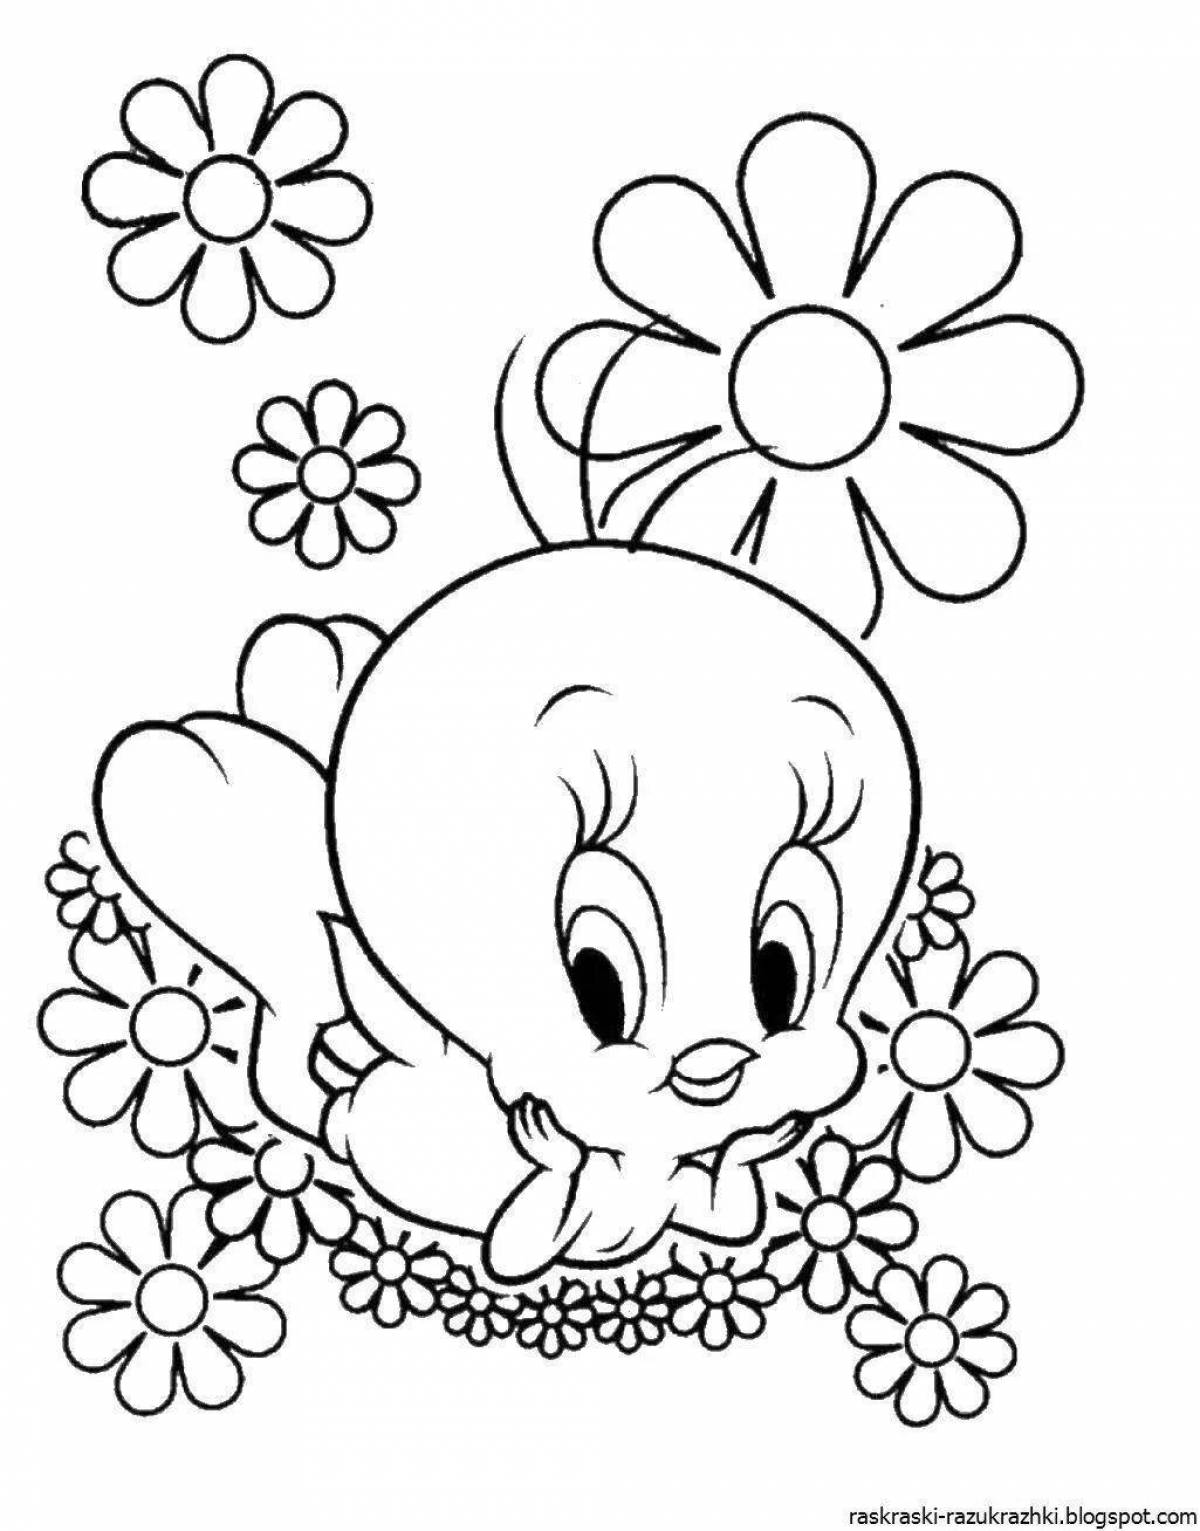 Refreshing flower coloring book for 5-6 year olds
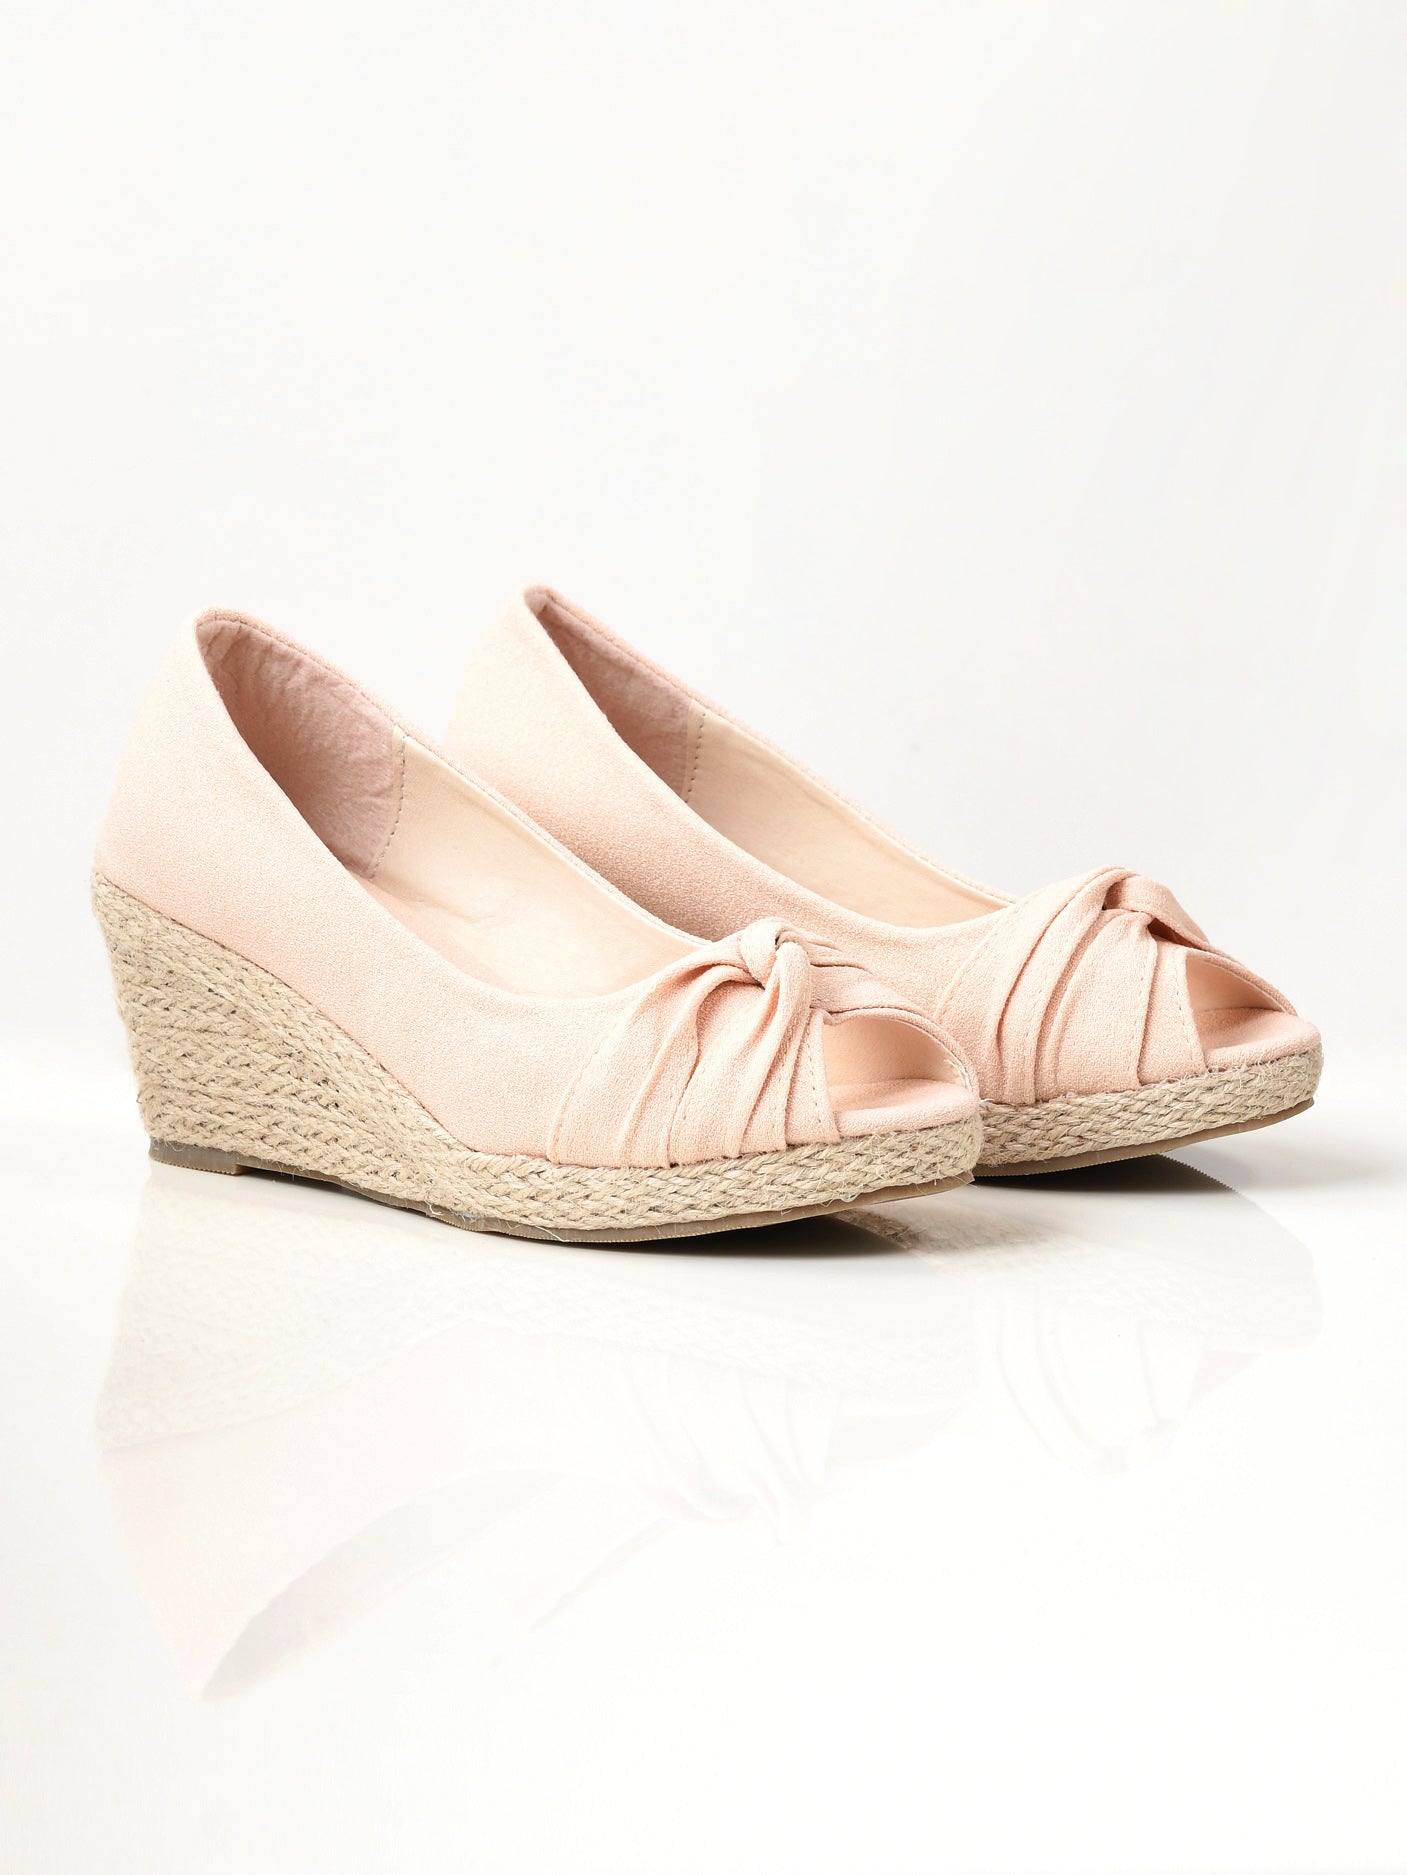 Knotted Weave Wedges - Light Peach
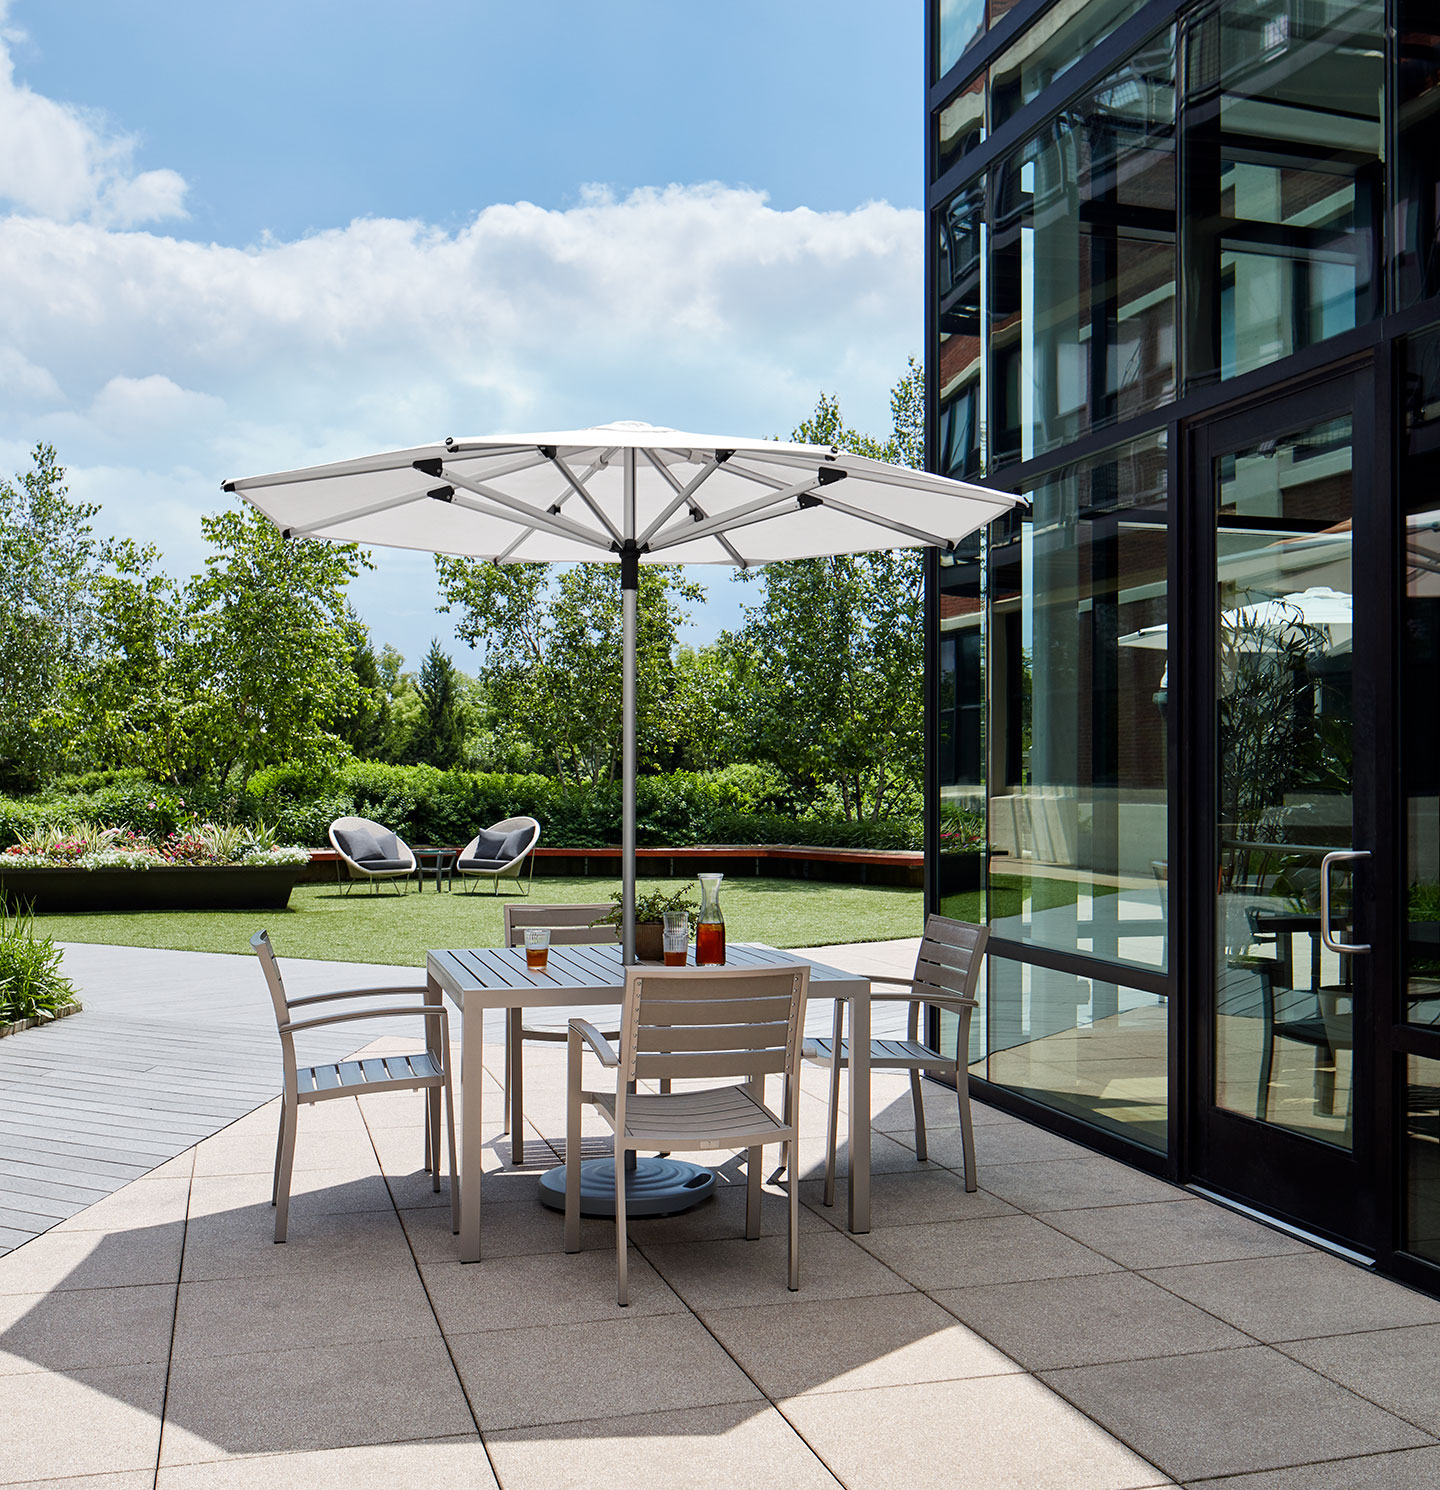 Haworth Janus Titan Umbrella Accessories in outdoor office seating area covering a table next to glass building 
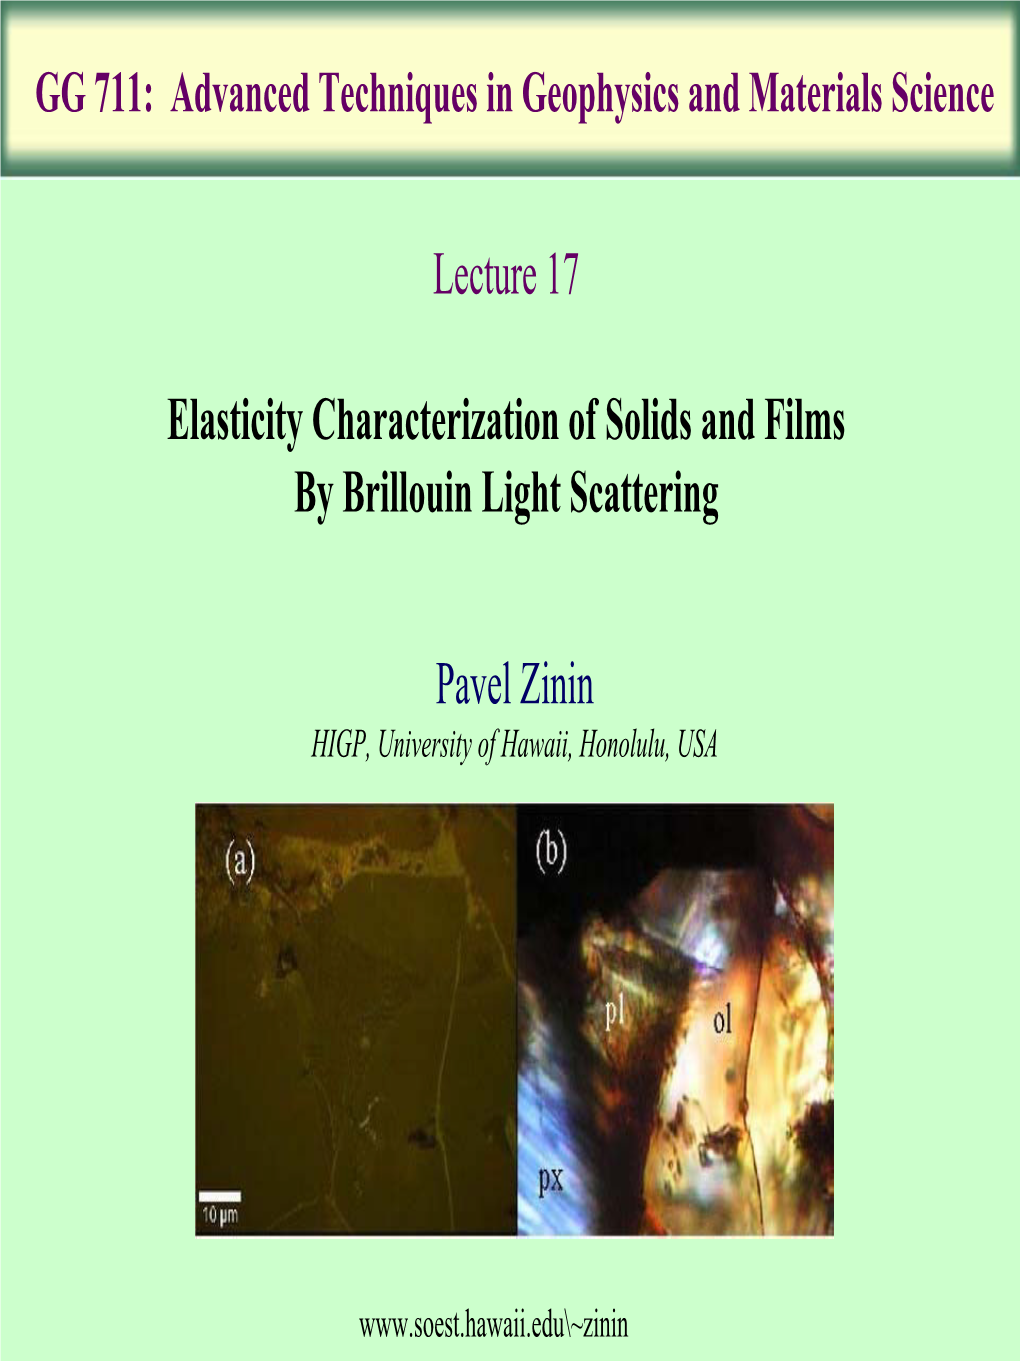 Elasticity Characterization of Solids and Films by Brillouin Light Scattering
::::::::::
**Assignment**
Could you reproduce all of the data above exactly and skip any image?

**Written answer**
 Refreshing flower coloring book for 5-6 year olds
 Knotted Weave Wedges - Light Peach
 Haworth Janus Titan Umbrella Accessories in outdoor office seating area covering a table next to glass building 
 Elasticity Characterization of Solids and Films by Brillouin Light Scattering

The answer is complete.